Bookstores and libraries typically contain dozens upon dozens of
business-oriented "how to" books. There exists a virtual industry of works designed to assist people's skills in management, negotiation, sales, communications, networking, and media relations. These volumes emphasize the tactics necessary to defeat in-house competitors, overseas competitors, and any other competitor who stands in the way of business success. People in the business of seeking social change, however, have few such resources to turn to for guidance. This book is meant to provide such guidance, particularly to a younger generation that has exhibited strong interest in fights for social and economic justice. Although the media often depict today's young people either as "slackers" or as being less interested in political activism that in acquiring a high-paying job, these individuals actually have a tremendous desire to work for progressive social change. For example, participants in the struggles of ACT UP in the late 1980s were overwhelmingly in their twenties, and they exposed themselves to risks of arrest and violence that marked earlier generations as heroic. Young people want to address poverty, environmental racism, and other forms of social and economic injustice but often lack the vehicle and the tactical skills necessary. This lack is partly attributable to the elimination in the early 1980s of federal programs such as VISTA, in which committed young people worked as organizers and activists in low-income neighborhoods. These positions provided an instant connection to community organizations fighting for social change and acted as an "alternative" career path for recent college graduates. The defunding of grassroots activists' jobs in the 1980s has left today's young people with a dearth of mentors among their generational elders.

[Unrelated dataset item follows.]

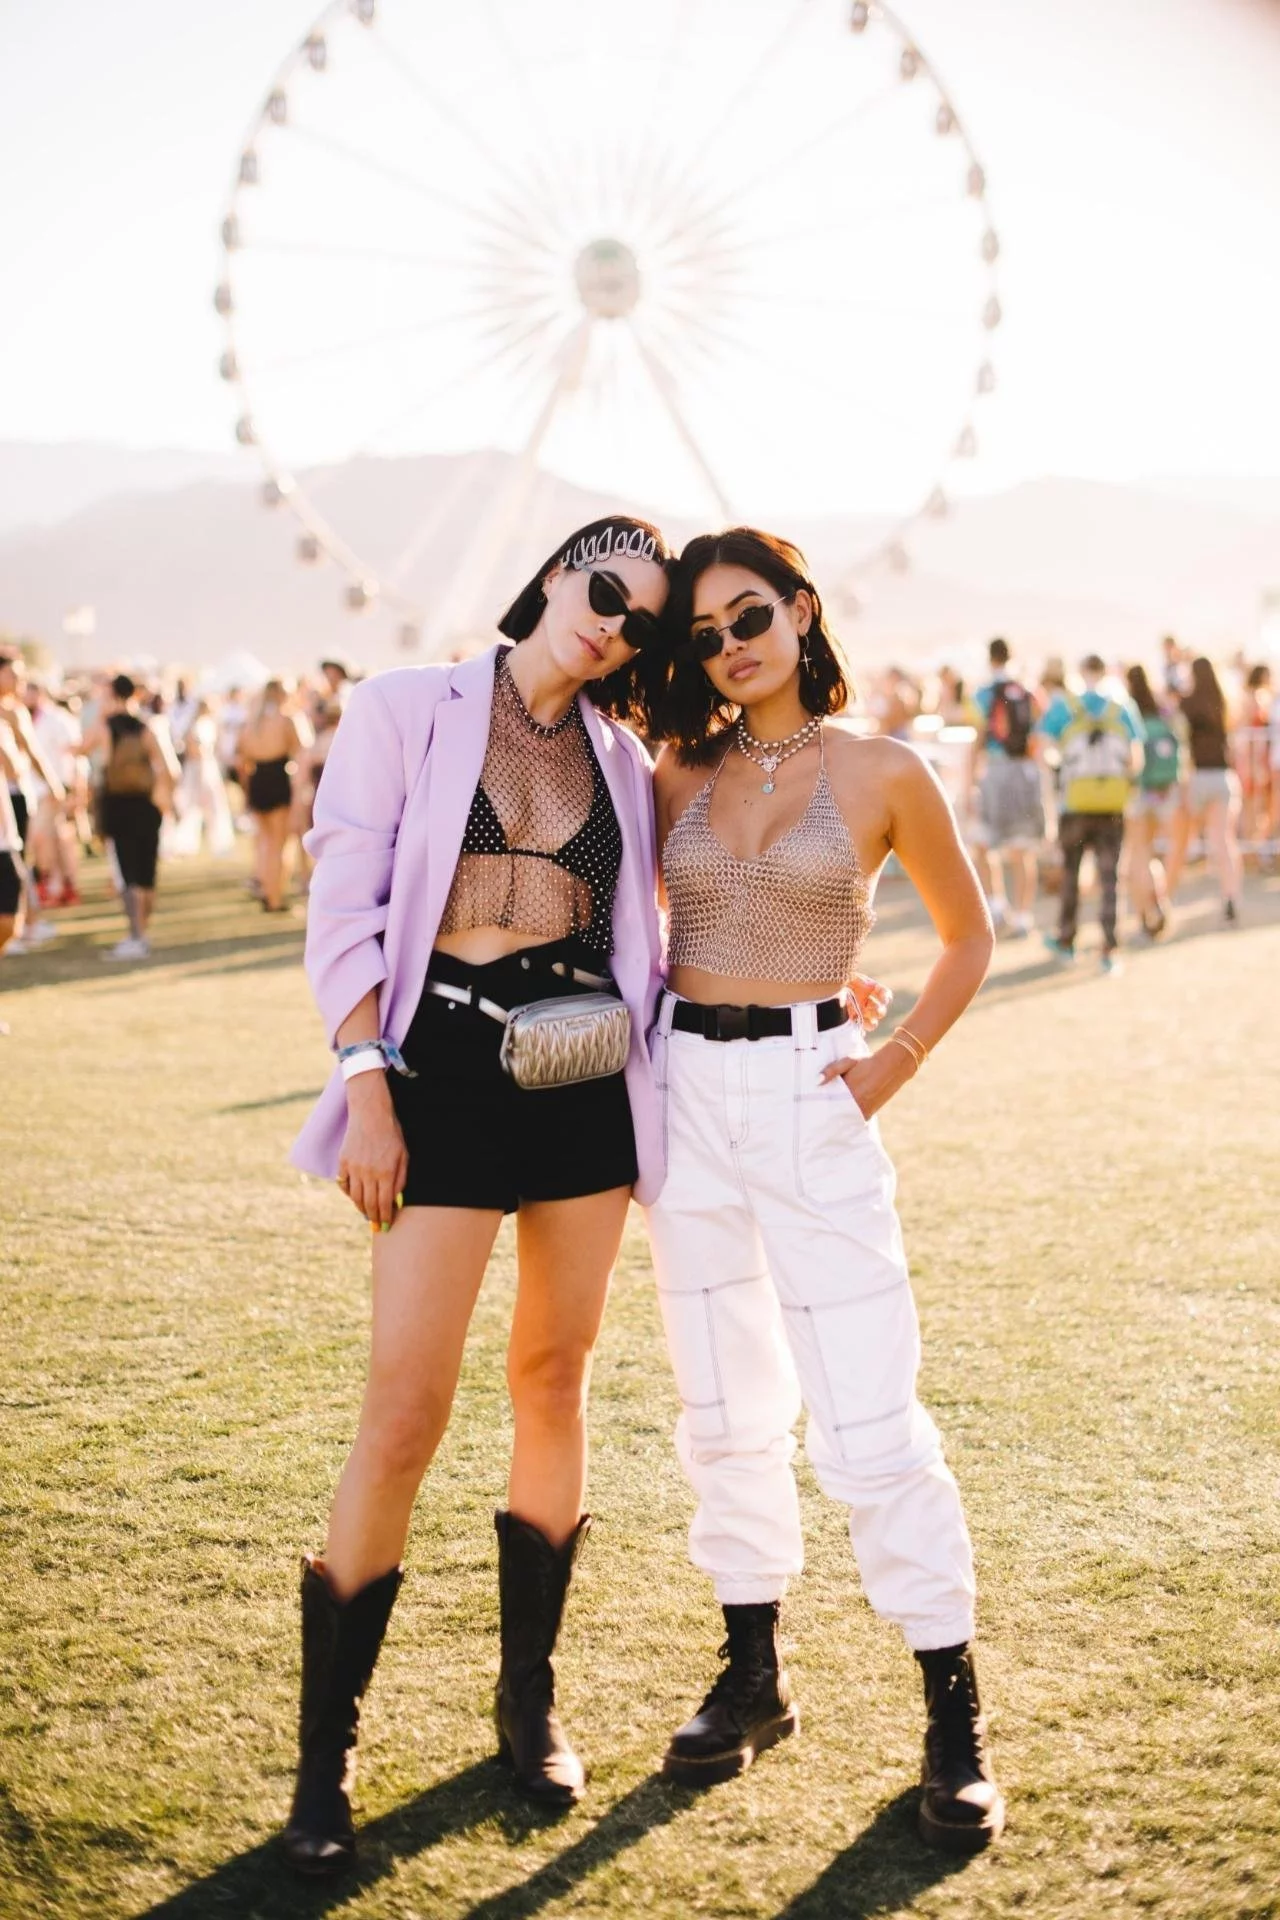 Why we’re loving Coachella this year

The Republican Party's current strategy of channeling the public anxiety about the future into attacks on immigrants, racial minorities, welfare mothers, feminists, and gays and lesbians is ominous but can be overcome. Rather than simply oppose the right-wing agenda, activists must advance and frame issues that unify people around objection to social and economic unfairness rather than hostility toward others. This essential resurgence of social activism necessarily requires the significant participation of young people. From the Freedom Rides of the civil rights movement to the "no business as usual" actions of ACT UP, social activism has relied upon the energy, idealism, and broad participation of young people. To paraphrase Mark Twain, reports of the demise of progressive social change have been greatly exaggerated. A generation of activists that understands the tactics and strategies essential for success can create a new political environment for a new century.